→ WHAT THE TASK ASKS
Please repeat the data below exactly, with the pictures removed.

→ DATA PROVIDED
====================

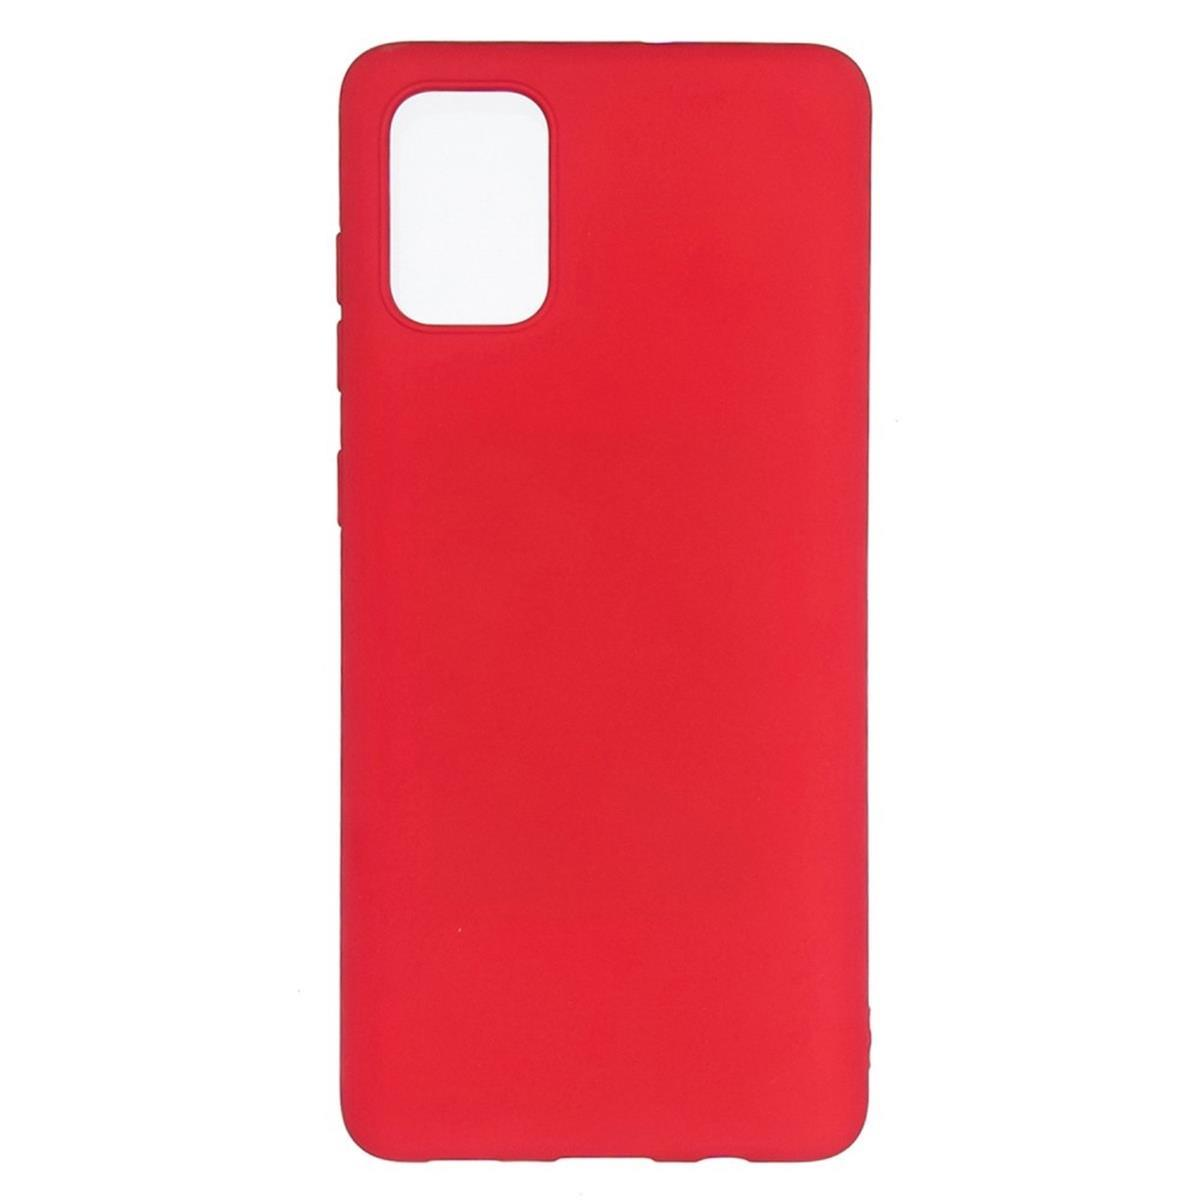 COVERKINGZ Note10 Samsung, Lite, Silikon, Handycase Rot aus Backcover, Galaxy
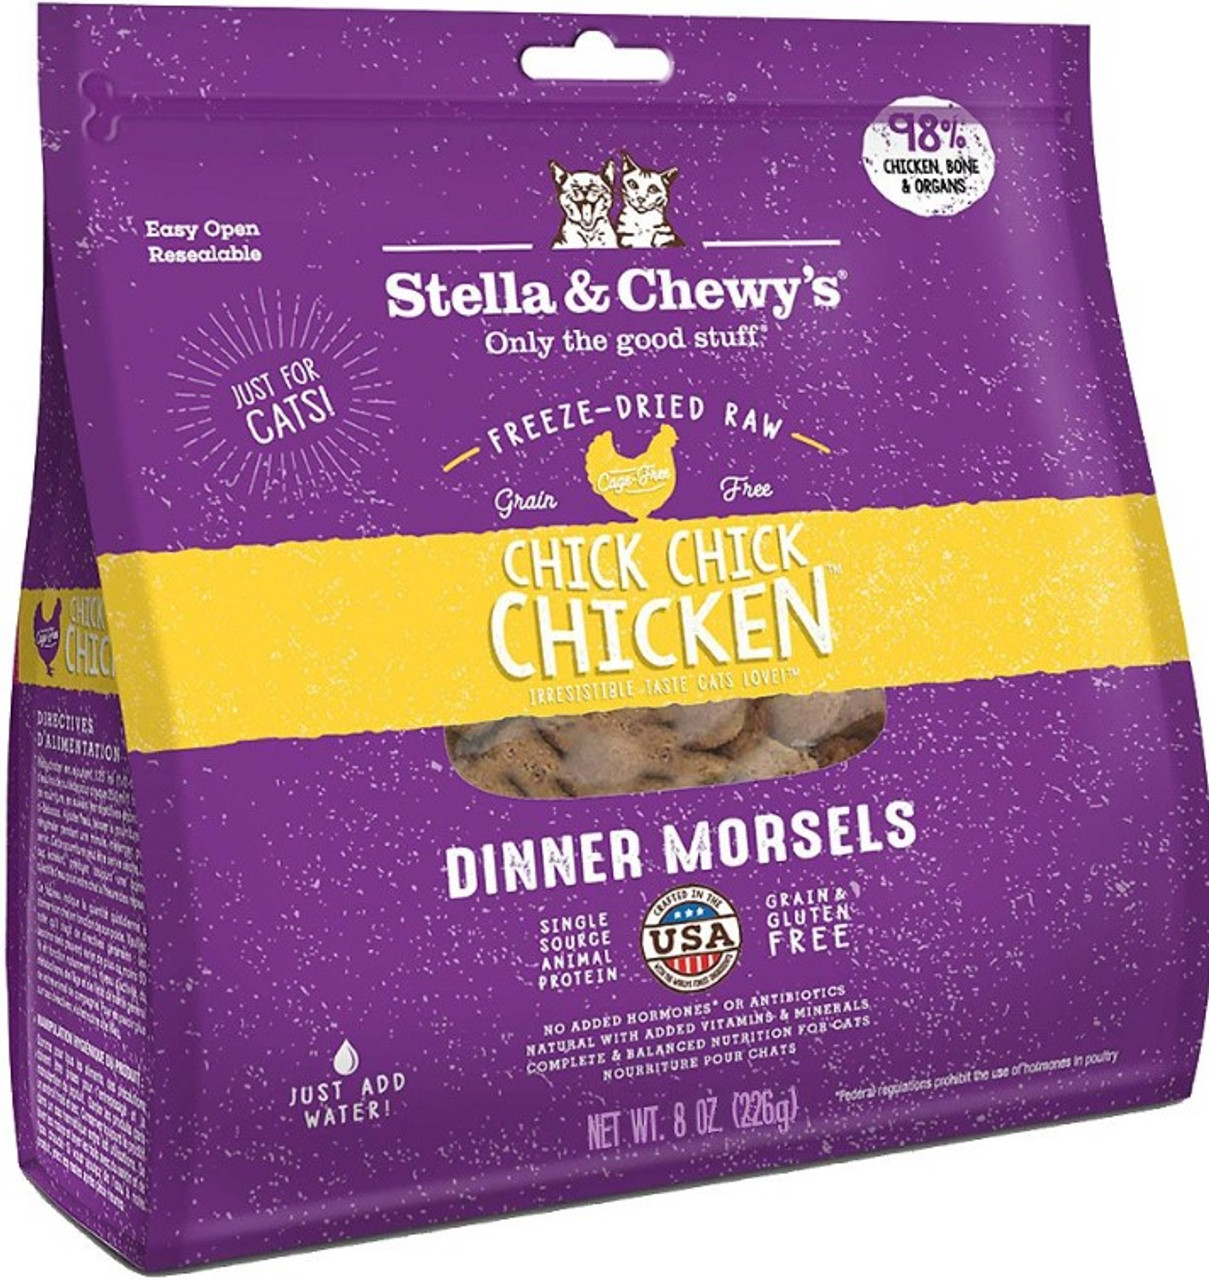 STELLA & CHEWY'S Marie's Magical Dinner Dust Freeze-Dried Raw Cage-Free  Chicken Dog Food Topper, 7-oz bag 
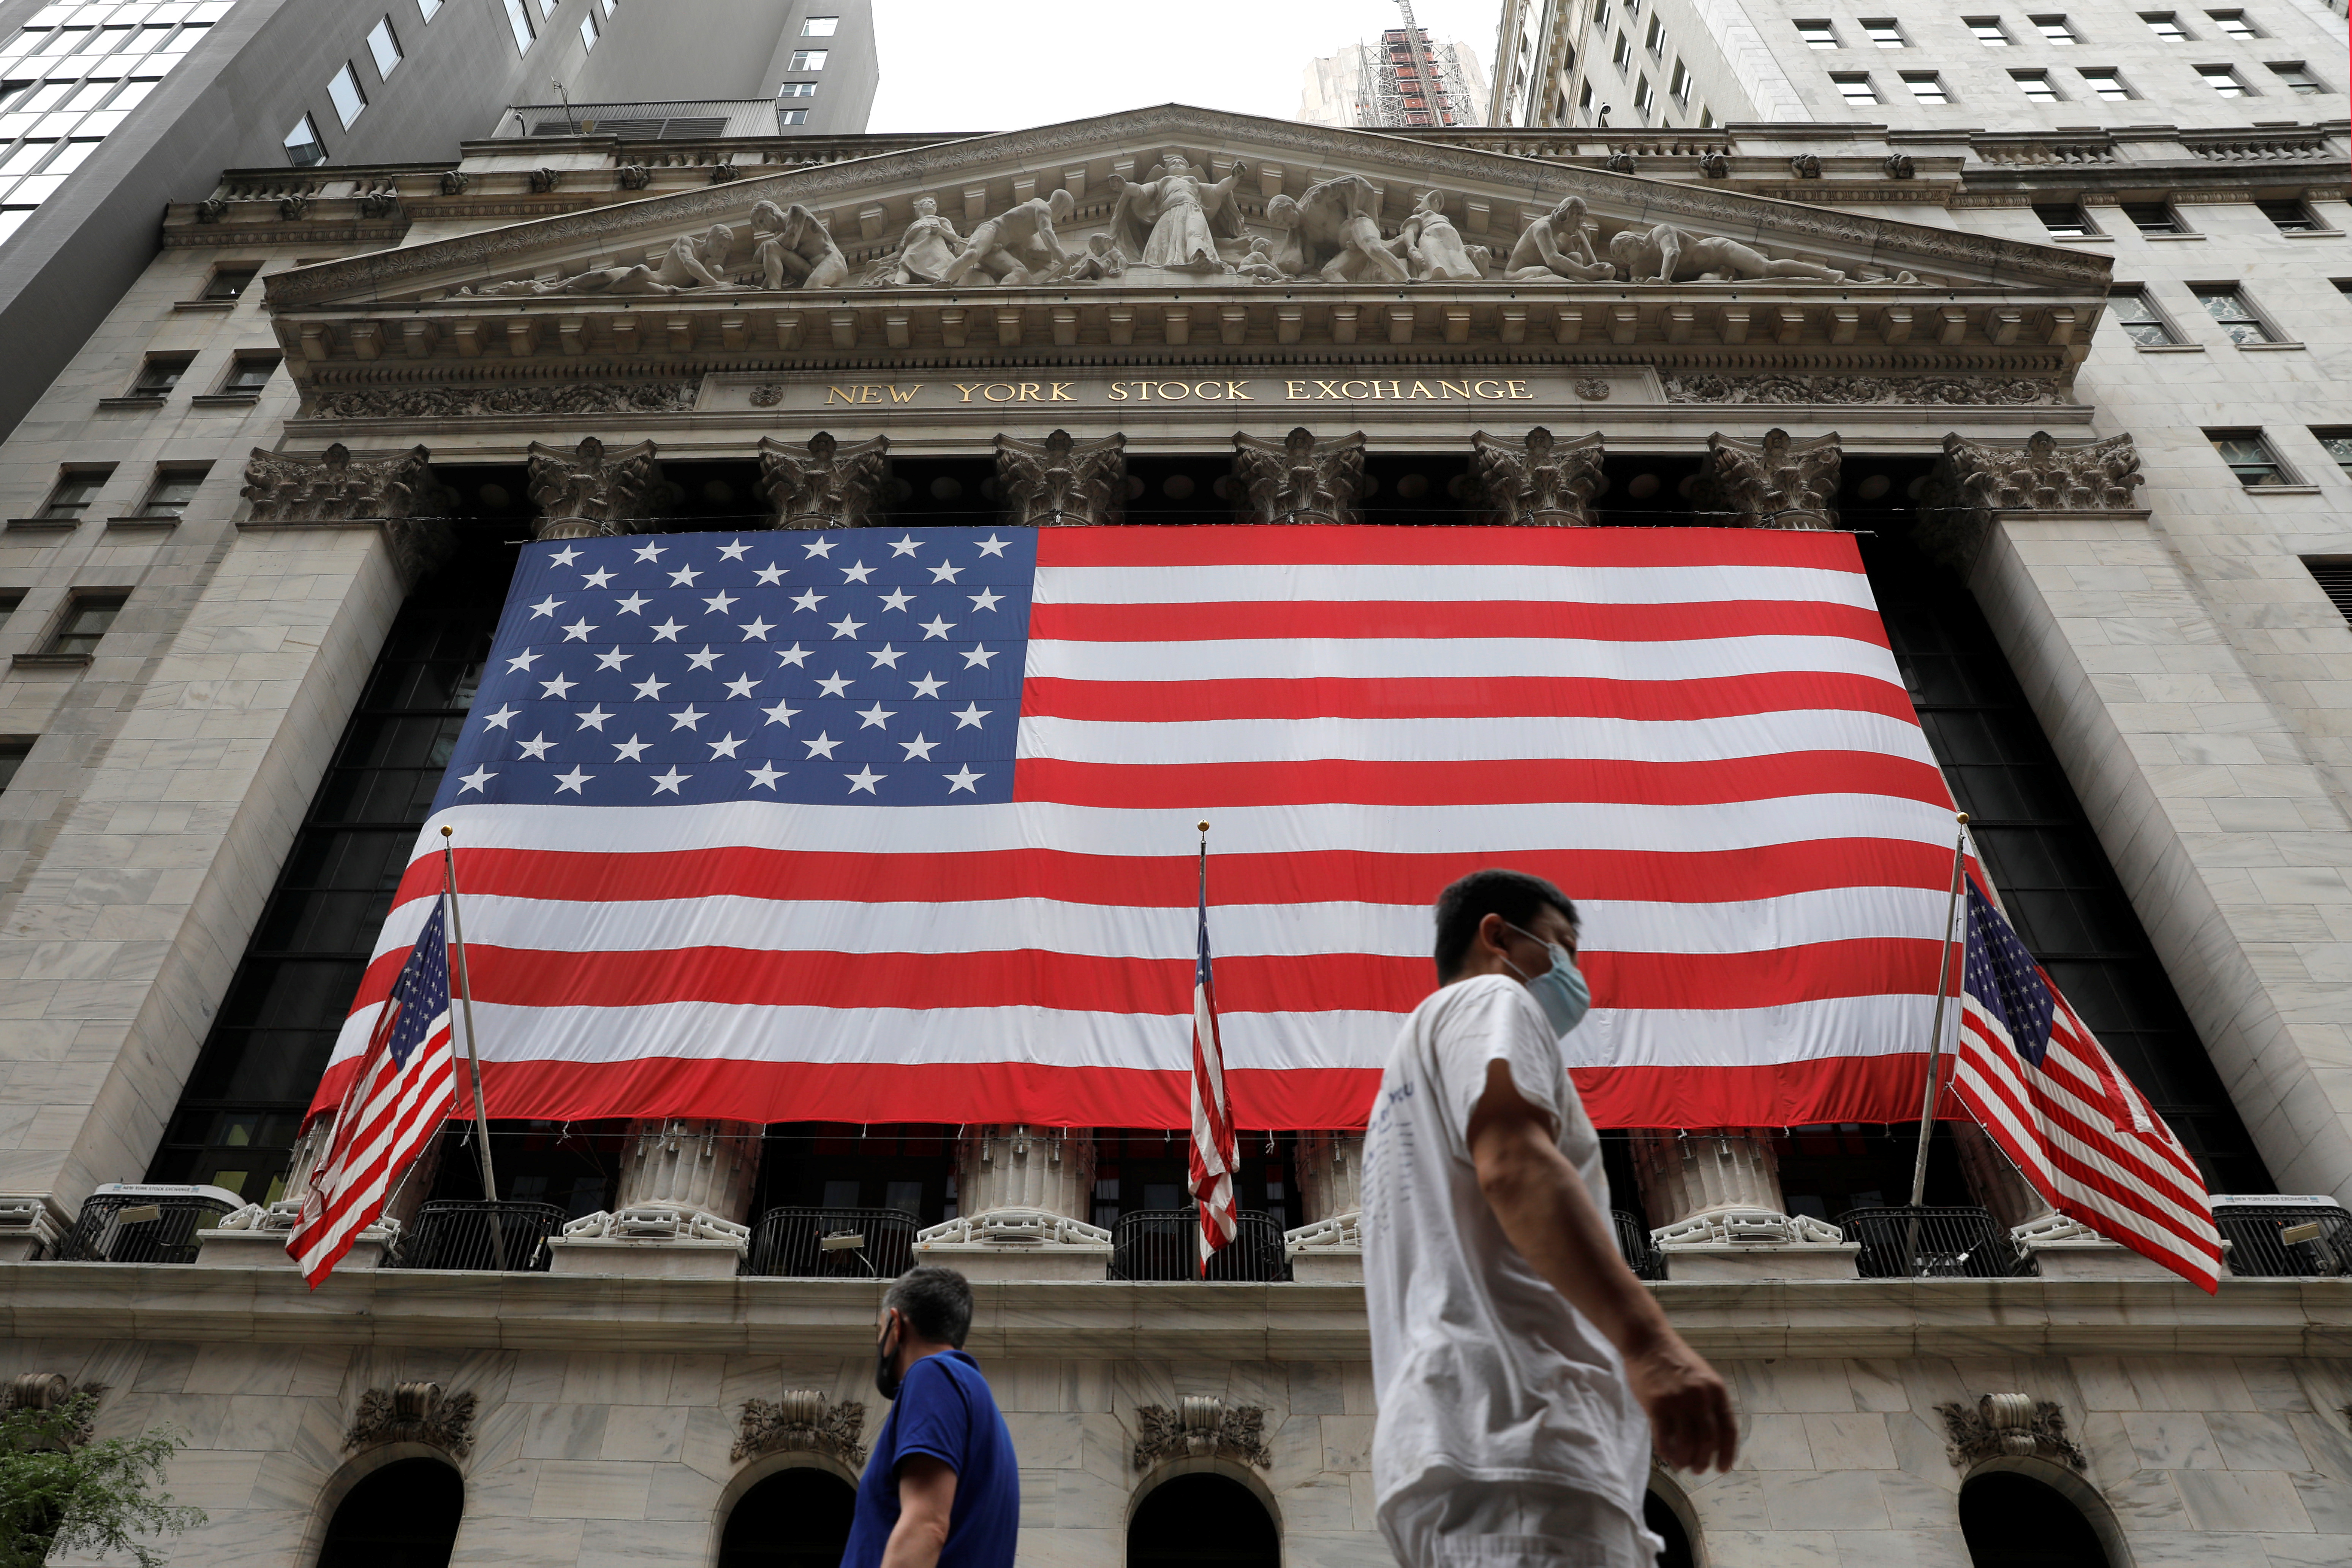 People walk by the New York Stock Exchange (NYSE) in Manhattan, New York City, U.S., August 9, 2021. REUTERS/Andrew Kelly

====================

→ RESPONSE BELOW
 COVERKINGZ Note10 Samsung, Lite, Silikon, Handycase Rot aus Backcover, Galaxy
 STELLA & CHEWY'S Marie's Magical Dinner Dust Freeze-Dried Raw Cage-Free  Chicken Dog Food Topper, 7-oz bag 
 People walk by the New York Stock Exchange (NYSE) in Manhattan, New York City, U.S., August 9, 2021. REUTERS/Andrew Kelly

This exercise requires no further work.